Signed-off-by: Valentin Schneider <vschneid@redhat.com>
---
 kernel/sched/fair.c  | 174 ++++++++++++++++++++++++++++++++++++-------
 kernel/sched/sched.h |   2 +
 2 files changed, 151 insertions(+), 25 deletions(-)

diff --git a/kernel/sched/fair.c b/kernel/sched/fair.c
index 60778afbff207..2b54d3813d18d 100644
--- a/kernel/sched/fair.c
+++ b/kernel/sched/fair.c
@@ -5785,17 +5785,48 @@ static bool throttle_cfs_rq(struct cfs_rq *cfs_rq)

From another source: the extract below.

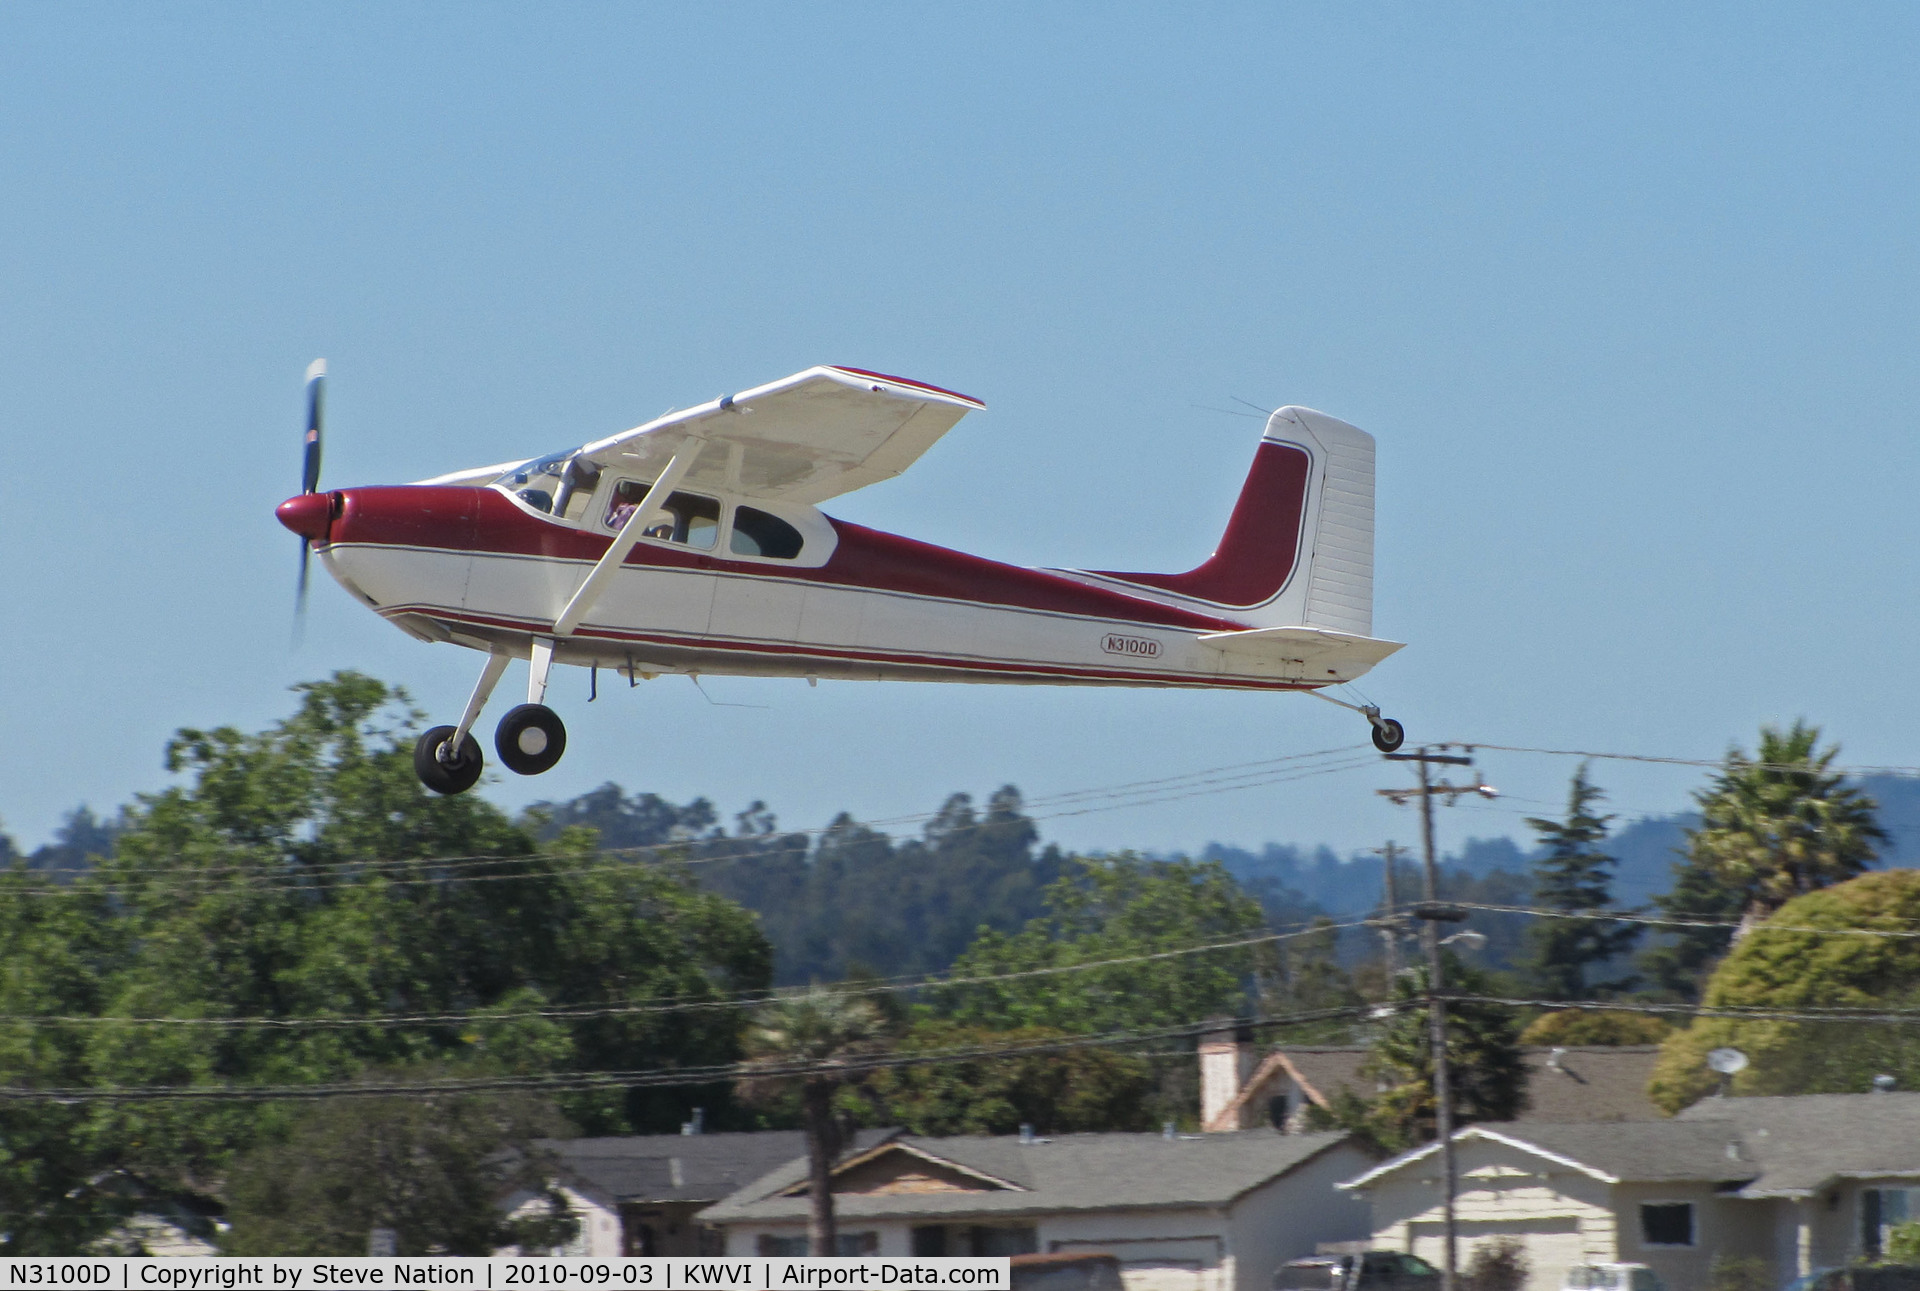 N3100D, 1955 Cessna 180 C/N 31898, San Jose, CA-based 1955 Cessna 180 climbing out @ 2010 Watsonville Fly-In

 	struct rq *rq = rq_of(cfs_rq);
 	struct cfs_bandwidth *cfs_b = tg_cfs_bandwidth(cfs_rq->tg);
 	struct sched_entity *se;
-	long task_delta, idle_task_delta, kernel_delta, dequeue = 1;
+	long task_delta, idle_task_delta, kernel_delta, user_delta, dequeue = 1;
+	bool was_pending;
 
 	/*
-	 * We don't actually throttle, though account() will have made sure to
-	 * resched us so that we pick into a kernel task.
+	 * We don't actually throttle just yet, though account_cfs_rq_runtime()
+	 * will have made sure to resched us so that we pick into a kernel task.
 	 */
 	if (cfs_rq->h_kernel_running) {
+		if (cfs_rq->throttle_pending)
+			return false;
+
+		/*
+		 * From now on we're only going to pick tasks that are in the
+		 * second tree. Reflect this by discounting tasks that aren't going
+		 * to be pickable from the ->h_nr_running counts.
+		 */
 		cfs_rq->throttle_pending = true;
+
+		se = cfs_rq->tg->se[cpu_of(rq_of(cfs_rq))];
+		user_delta = cfs_rq->h_user_running;
+		cfs_rq->h_nr_running -= user_delta;
+
+		for_each_sched_entity(se) {
+			struct cfs_rq *qcfs_rq = cfs_rq_of(se);
+
+			if (!se->on_rq)
+				goto done;
+
+			qcfs_rq->h_nr_running -= user_delta;
+			qcfs_rq->h_user_running -= user_delta;
+
+			assert_cfs_rq_counts(qcfs_rq);
+		}
 		return false;
 	}
 
+	/*
+	 * Unlikely as it may be, we may only have user tasks as we hit the
+	 * throttle, in which case we won't have discount them from the
+	 * h_nr_running, and we need to be aware of that.
+	 */
+	was_pending = cfs_rq->throttle_pending;
 	cfs_rq->throttle_pending = false;
 
 	raw_spin_lock(&cfs_b->lock);
@@ -5826,9 +5857,27 @@ static bool throttle_cfs_rq(struct cfs_rq *cfs_rq)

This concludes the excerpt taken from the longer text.